MASE often handles cases involving machine guarding. Industrial machinery often contain large amounts of mechanical energy. This results in high forces that are applied to the part and anything in its path. Inadequate machine guarding will inevitably result in accidents. Machines must be safeguarded so that it is impossible for a machine operator to be exposed to the point of operation of the machine, the place where the mechanical energy is released. MASE personnel have the experience to determine if an industrial accident is due to inadequate safeguarding, safeguard malfunction, or due to tampering with safety interlock devices. 


Extensive standards specify the requisite measures to ensure protection from mechanical hazards. These industry standards can be used to determine if a machine has the necessary safety features, and whether the machine meets safety standards for the time period during which it was produced. Showing either compliance or violation of these industry standards is typically adequate to show a machine is safe or unreasonably dangerous. 


MASE has extensive experience developing guarding solutions to industrial machinery. Basic engineering principles can be applied to develop guarding solutions to every type of machine-related hazard. Failure of the manufacturer of a machine to provide adequate safeguarding can cause the manufacturer to be held responsible for injuries and damages by the machine. Employers of machine operators also are required by federal law to provide a safe working environment for their workers - this includes ensuring that machines are adequately guarded. Employers are often blamed and found responsible when the manufacturer of a machine is the party truly responsible for producing a safe product in the first place. Federal law can unfortunately protect manufacturers producing unsafe, faulty machinery. MASE believe that manufacturers are responsible for producing safe products - they have the expertise to fully understand the hazards of the product, and how to eliminate or safeguard those hazards.

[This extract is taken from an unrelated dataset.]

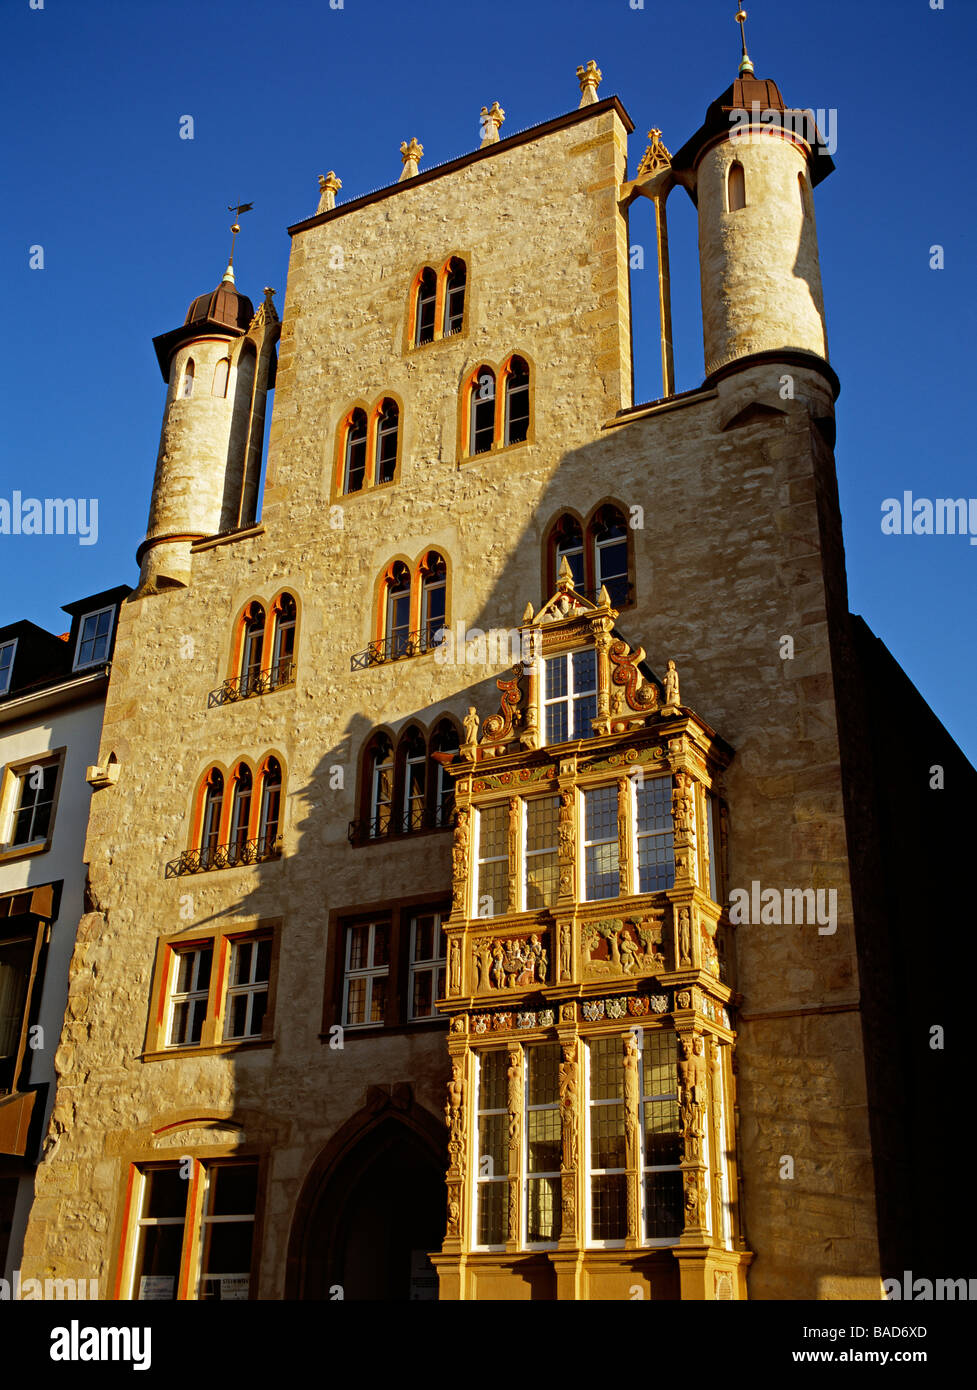 Le 14e siècle Templerhaus avec fenêtre en baie Renaissance datant de 1591, la place du marché historique de Hildesheim, Allemagne. Banque D'Images

This said, employers are required by law to ensure that their workers are not exposed to hazards, and should employ safety engineers to ensure that their facilities do not contain unknown hazards that manufacturers have failed to remove or safeguard. 


MASE provides engineering expert witness analysis, opinions, and testimony for your machine guarding case. Machine guarding accident cases usually involve machines that were produced without necessary guarding, or machines that have had their safeguards removed and/or bypassed. MASE can quickly and efficiently identify unguarded machine hazards as well as unnecessary machine hazards that could have been eliminated completely at the design stage. If a machine meets industry standards and engineering design protocol, we are happy to defend the safety features of a machine. 

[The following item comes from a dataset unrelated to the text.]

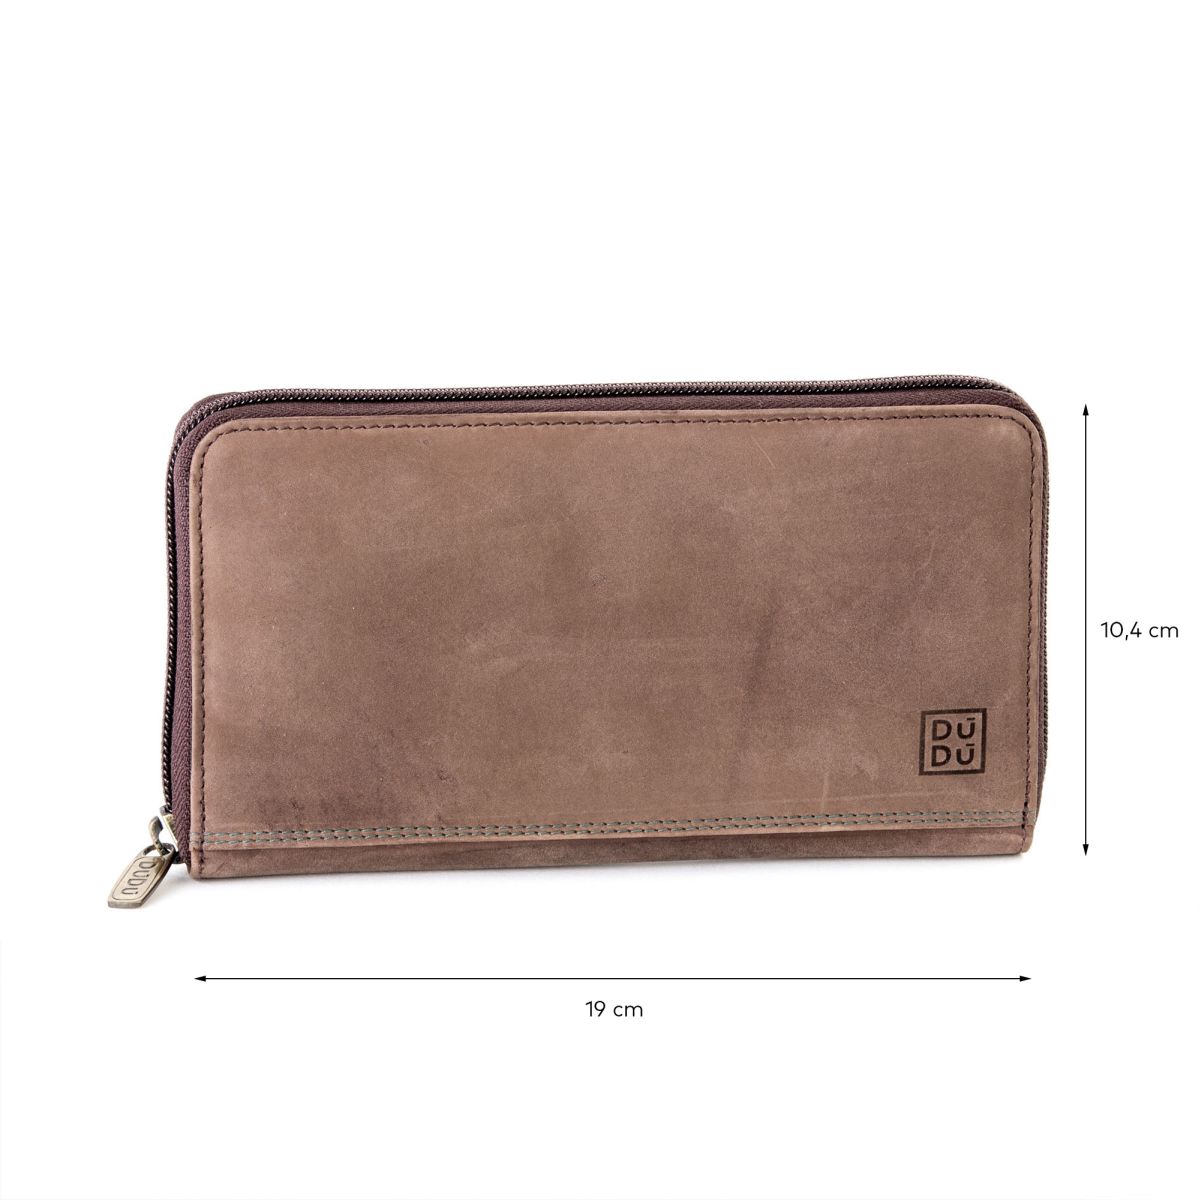 DuDu Ladies Leather Zip Vintage Wallet - Dark Brown

MASE works with a variety of machine guarding cases, including power press accidents, food processing equipment accidents, nip point accidents, maintenance related accidents, shear point accidents, lawnmower accidents, conveyors, ATV/UTV overturn accidents, OSHA violation industrial machine guarding cases, table saw injuries, punch press accidents, wood chipper accidents, tractor rollover accidents, and others. Call us today at (855) 627-6273 or email us at info@mase.pro to discuss machine guarding issues.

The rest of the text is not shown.